As humans we have a remarkable ability to be inconsistent. I do think Semi-Pelagianism is inconsistent with the idea the Christ is the Savior. But perhaps semi-Pelagians still believe Christ is Savior and are simply inconsistent to do so.

God be with you,

A.M. Mallett said...

I once held that Pelagians and semi-Pelagians were outside the realm of salvation. While I continue to reject both as heterodox, I cannot put myself in the position of stating a soul cannot be considered of Christ when he affirms Paul's given word of faith (Rom 10:8-11). These matters become contentious quickly and given my interest in Vincent's rule, I believe we serve the LORD's interests better to withhold our judgment. Having said that, I would not have a Pelagian serve as a pastor or elder of the church or teach in any capacity. Then again, the church I fellowship with would not allow a Calvinist in those capacities either.

Godismyjudge said...

I hear you on Pelagian's & Semi-Pelagians in church leadership. The more you know, the lest understandable errors become. But the credibility of a profession of faith is mostly about a relationship with Christ and changed life, rather than doctrine.

God be with you,

Tom said...

Since Arminians have essentially a Romish soteriology, it is not surprising in the least that you value human tradition over Scripture. As for me, I'll stand by the Word of God.

A.M. Mallett said...

I doubt you would find a more "anti-Romish" churchman than John Wesley and his fellows. However, in keeping with the subject of this post, are there aspects of Vincent's maxim that you would find troubling for your theological perspective?

Tom said...

Well, Mallett, since you decided to mention Wesley, my reply is that Romanists certainly do find a kindred spirit in him. John M. Todd writes:

“Wesley preached the doctrine of justification by faith. But for him it amounted to little else than complete trust in God and faith in his love. He supposed that he was teaching something that the Catholic Church opposed and which the Protestant Reformation had brought back into the Christian world. But it is clear….that there is contained, implicitly in this doctrine of Wesley’s, the Catholic doctrine of grace…..It was not surprising that Wesley mistook the Catholic doctrine for a doctrine of works, or a doctrine of works disguised by the formula “faith and works.” Yet this very formula of the Council of Trent expressed the same doctrine that Wesley himself avowed.”
(John Wesley and the Catholic Church, p. 21)

Catholic Answers, a Roman Catholic apologetics organization, says that in regards to Wesley:

“The Wesleys were viewed by many as being Jesuit agents in disguise. Their belief in the Real Presence, apostolic succession, the importance of good works, fasting, and their rejection of Calvinistic predestination were seen as a return to Catholic positions. John resented the accusation that he was being used by the Catholic Church.
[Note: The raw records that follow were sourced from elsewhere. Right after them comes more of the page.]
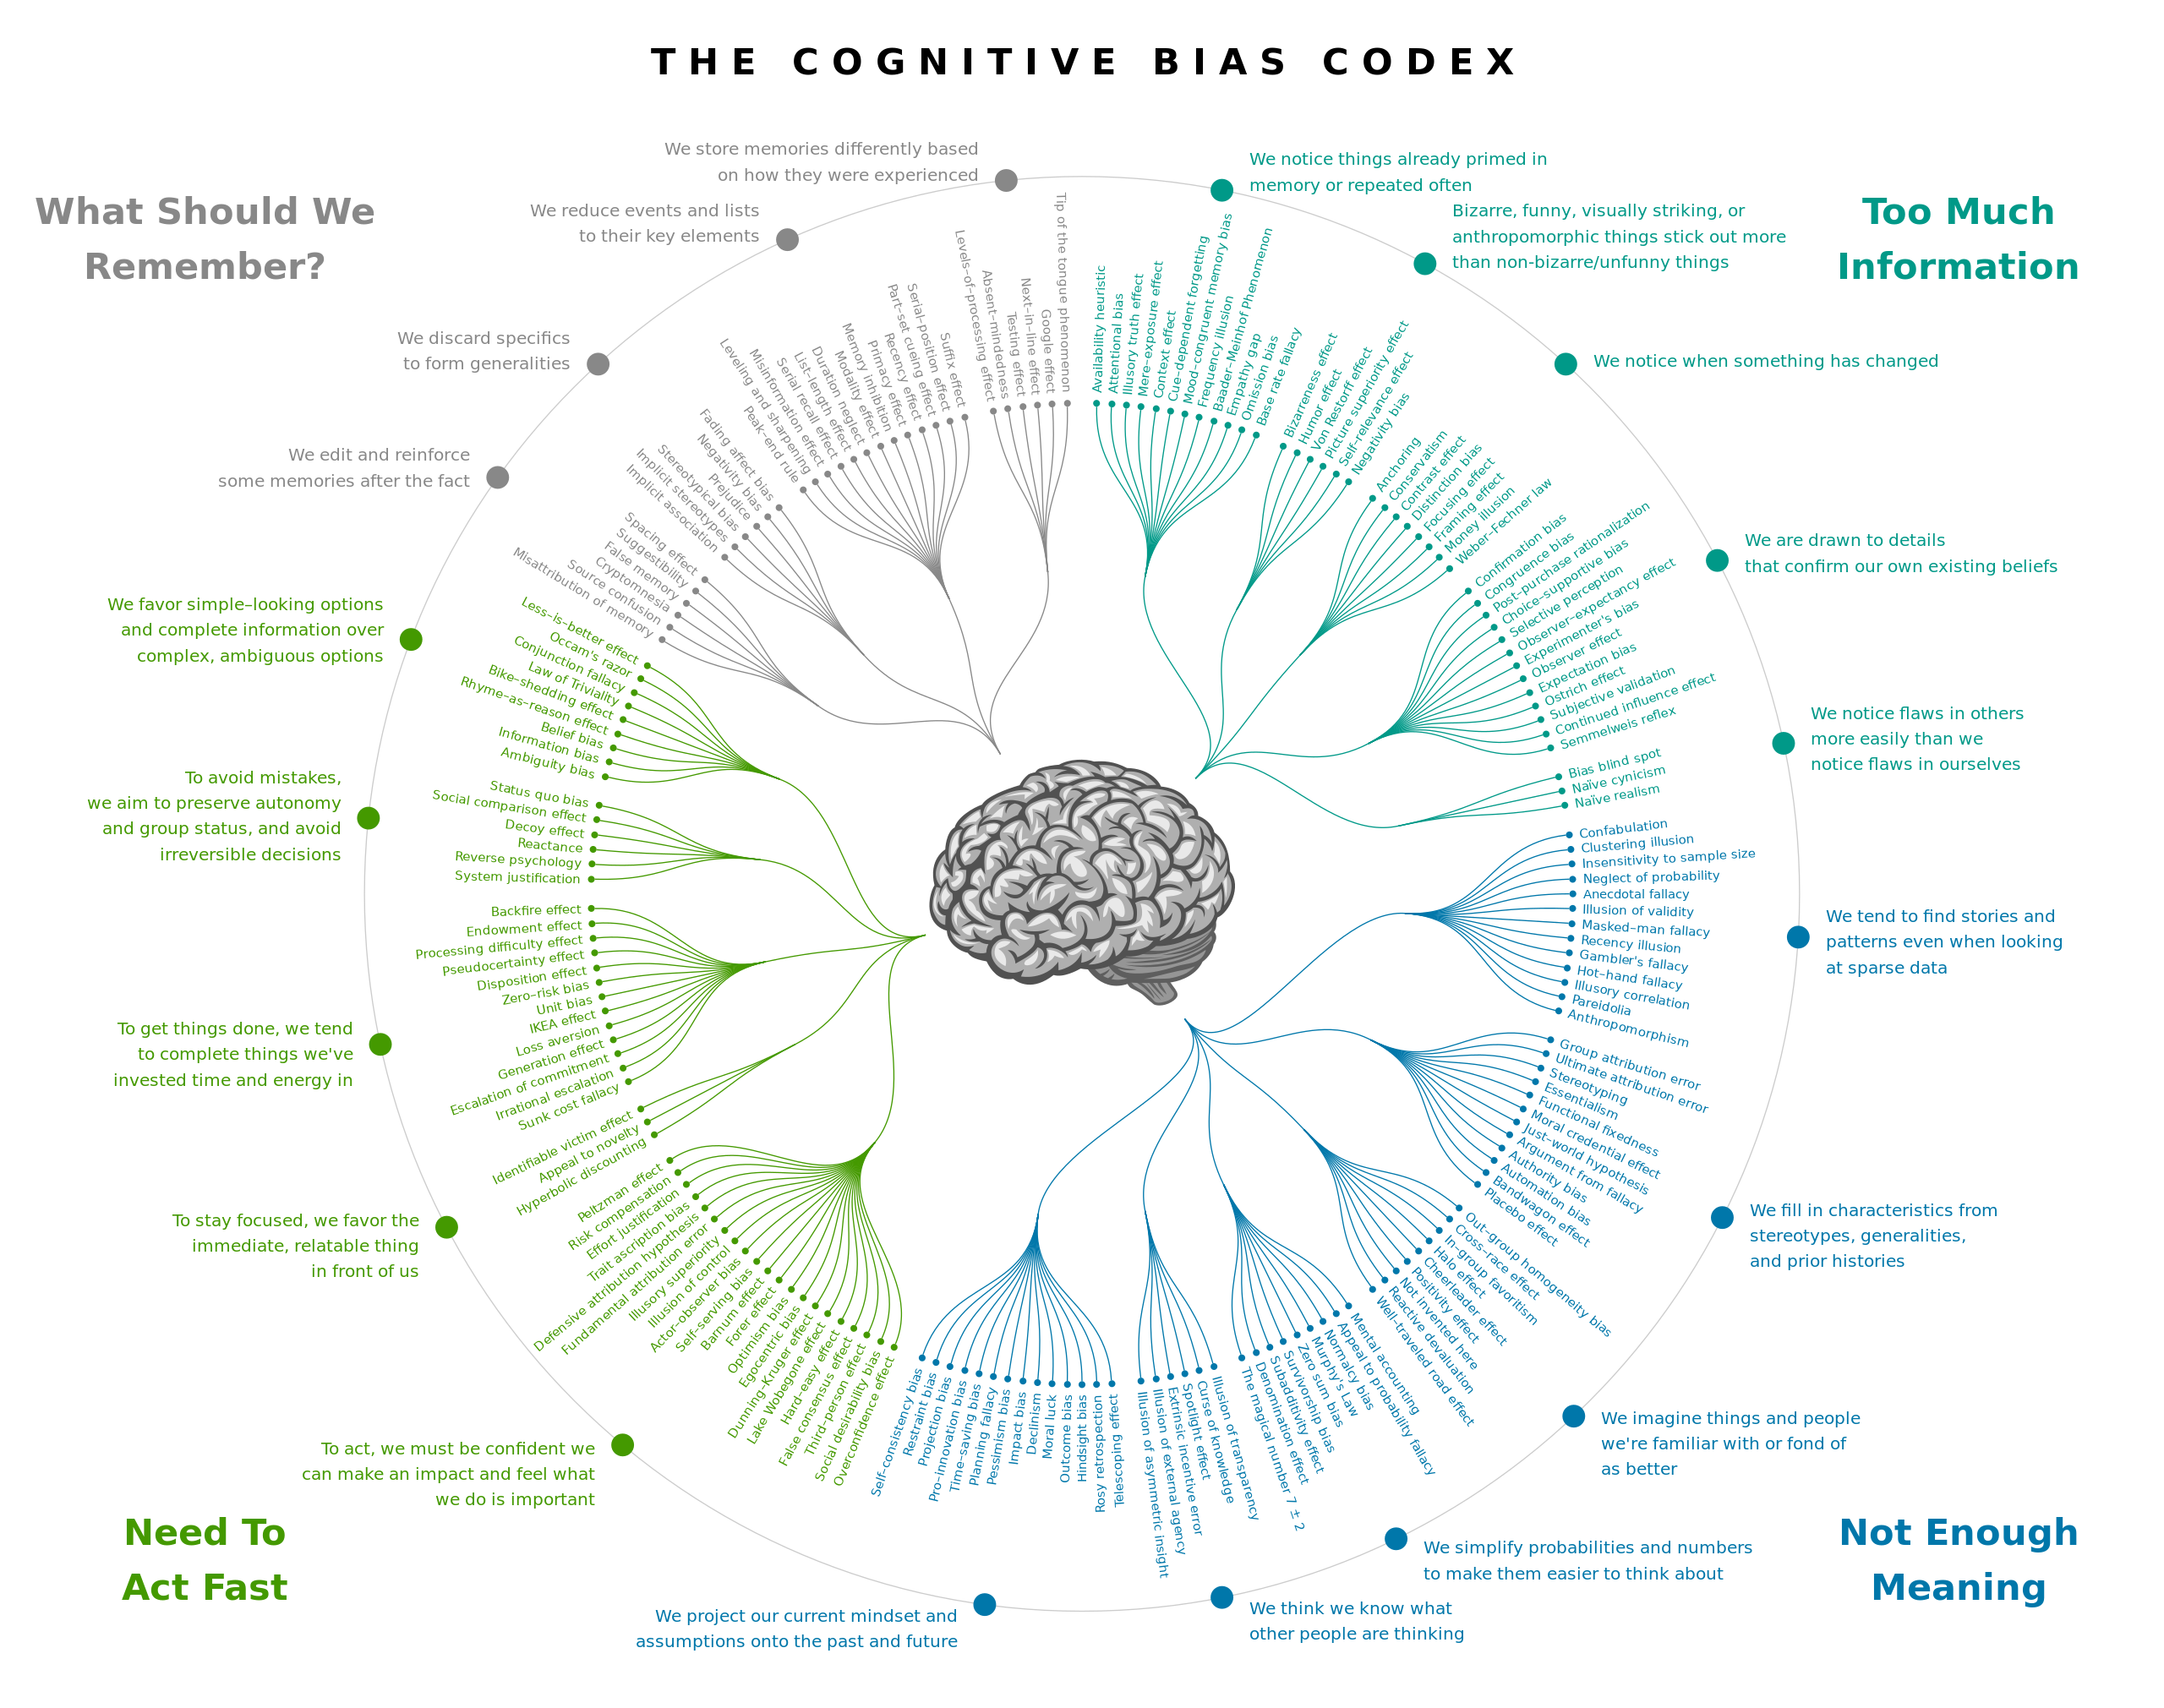 Um cérebro apontando para as 4 áreas de viés cognitivos: O que eu deveria lembrar? Muita informação. Sem muito significado. Preciso agir rápido. Para cada uma delas dezenas de vieses cognitivos formando uma espécie de flor com um cérebro no meio.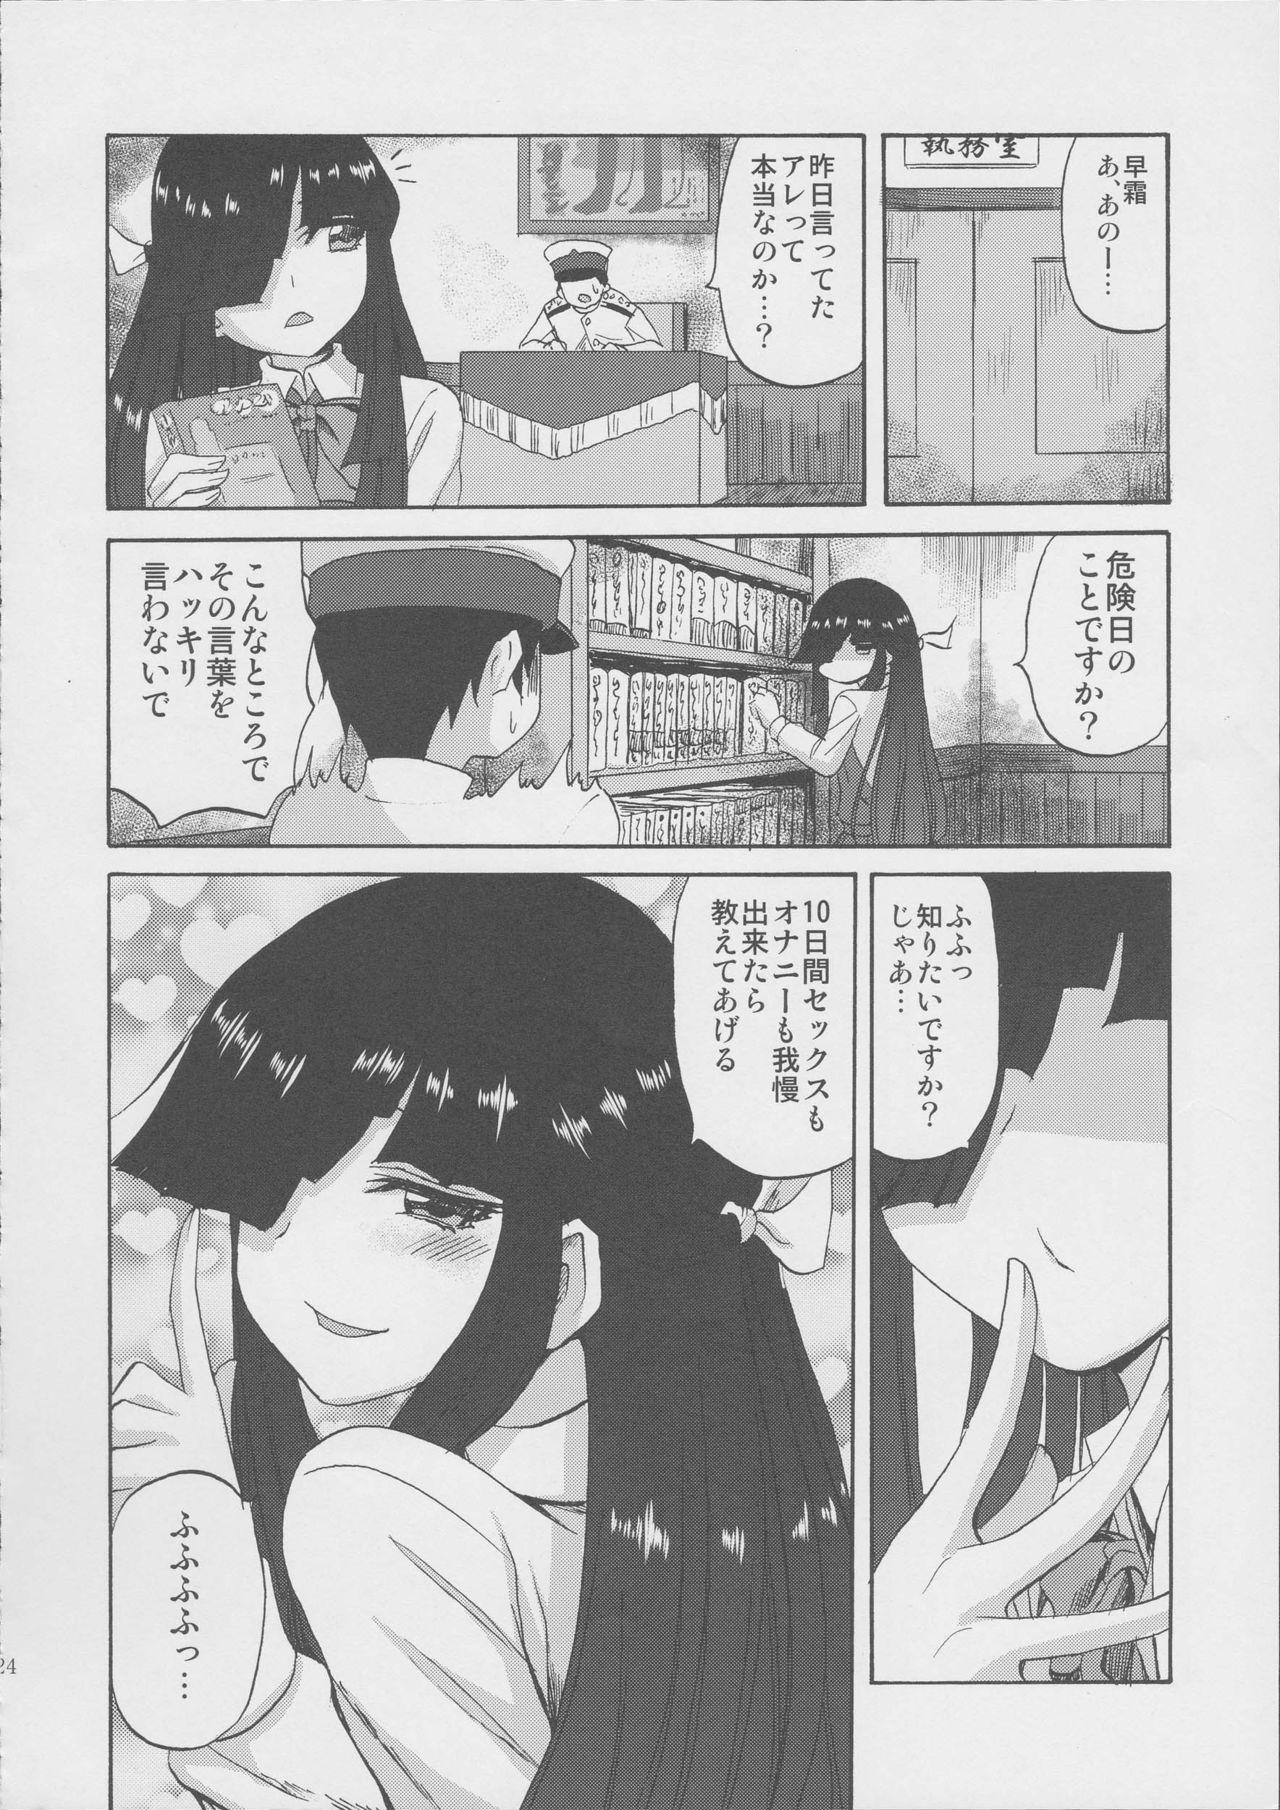  Hayashimo-chan no shaseikanri nisshi - Kantai collection Amigo - Page 24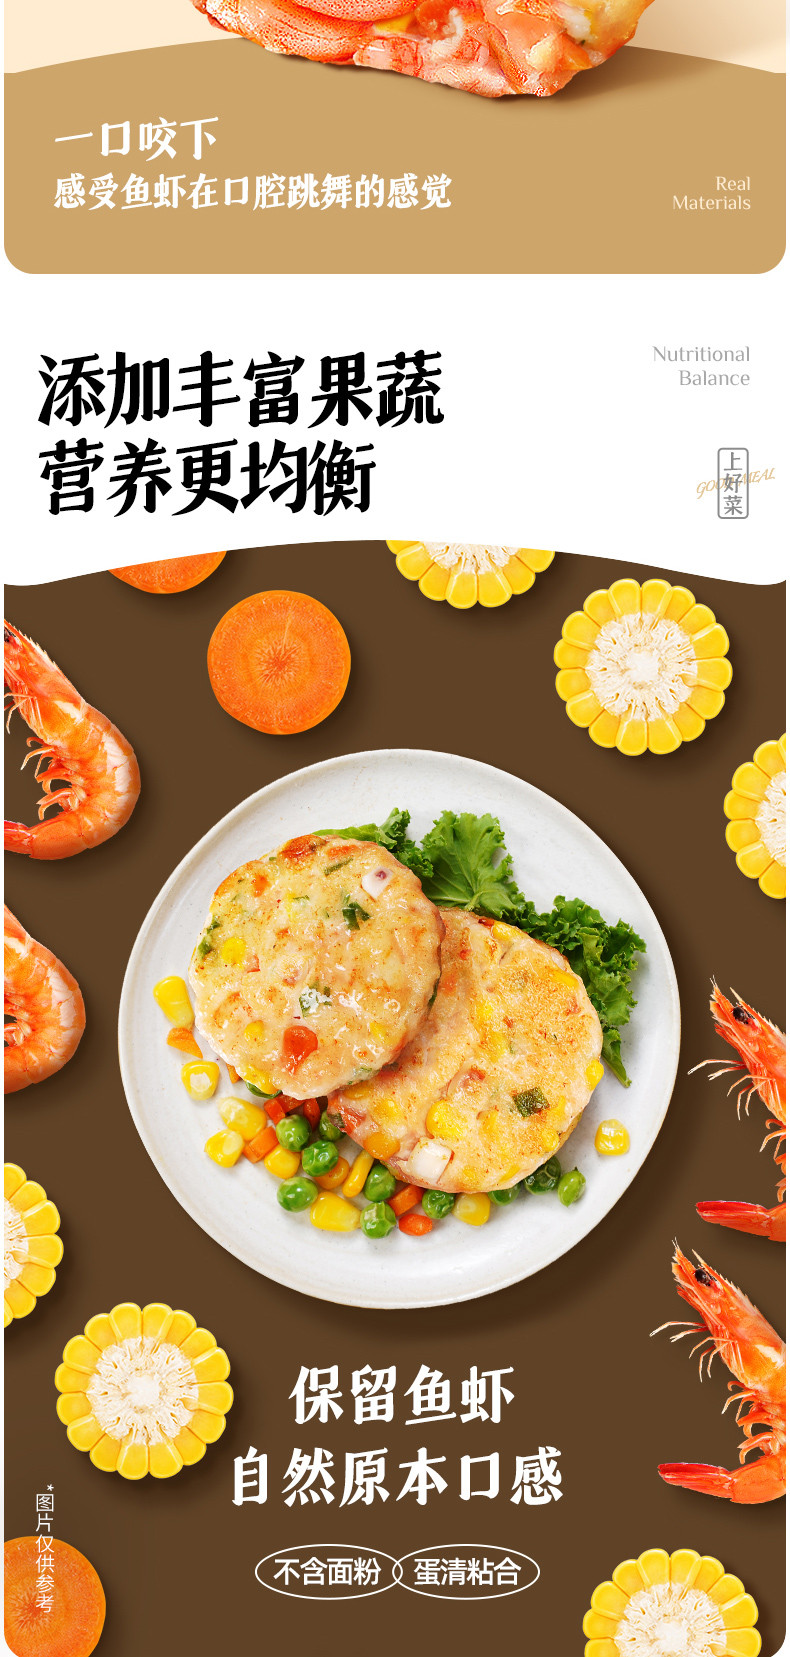 大希地 蔬菜鲜虾饼160g*3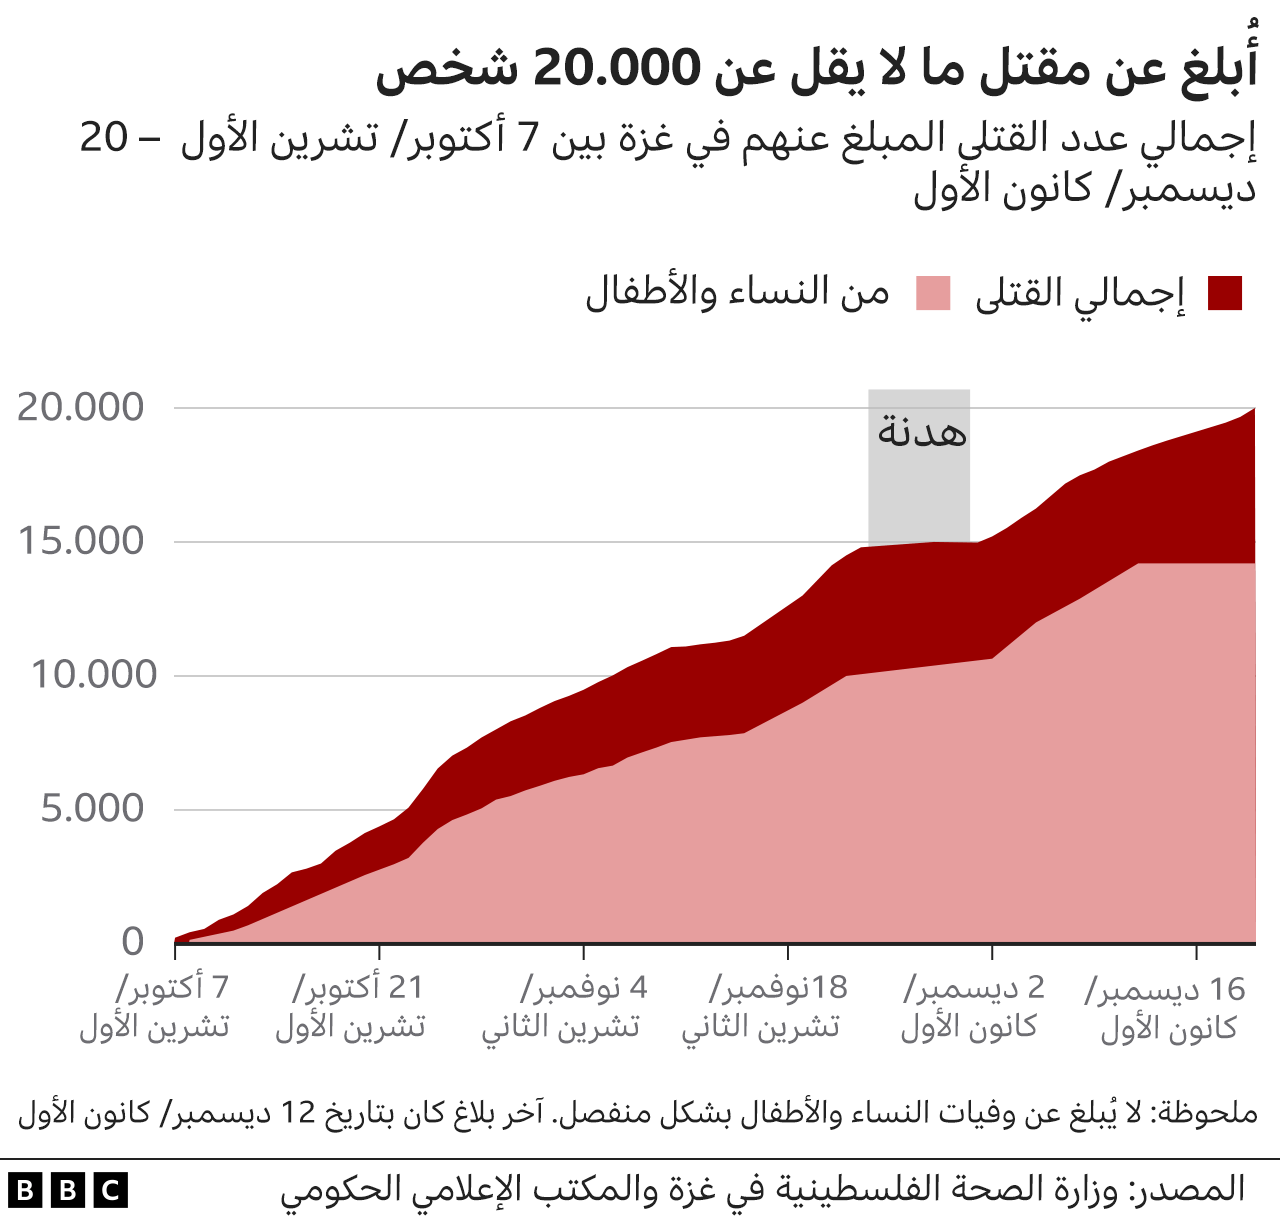 رسم بياني يوضح عدد القتلى الفلسطينيين في حرب غزة.

He said of Catholics, "I wish them well but I dare not trust them/” ….One Catholic scholar said of John Wesley, who died in London in 1791, "Under other circumstances he would have been the founder of a religious order or a reforming pope.”


Wesley may have resented being identified with Roman positions and practices. But like it or not, he certainly was, whether he was willing to admit it or not.

As your question, I thought I already answered it. But since you seem to lack the ability to comprehend that, the simple fact is that a person would have to be absolutely insane to willing trade the riches of God’s Word for the quicksand of human tradition. There is not the slightest hint in Scripture that Vincent’s Maxim has any merit whatsoever. If you see any worth in Vincent’s maxim, then you have essentially embraced a Romanist view of tradition.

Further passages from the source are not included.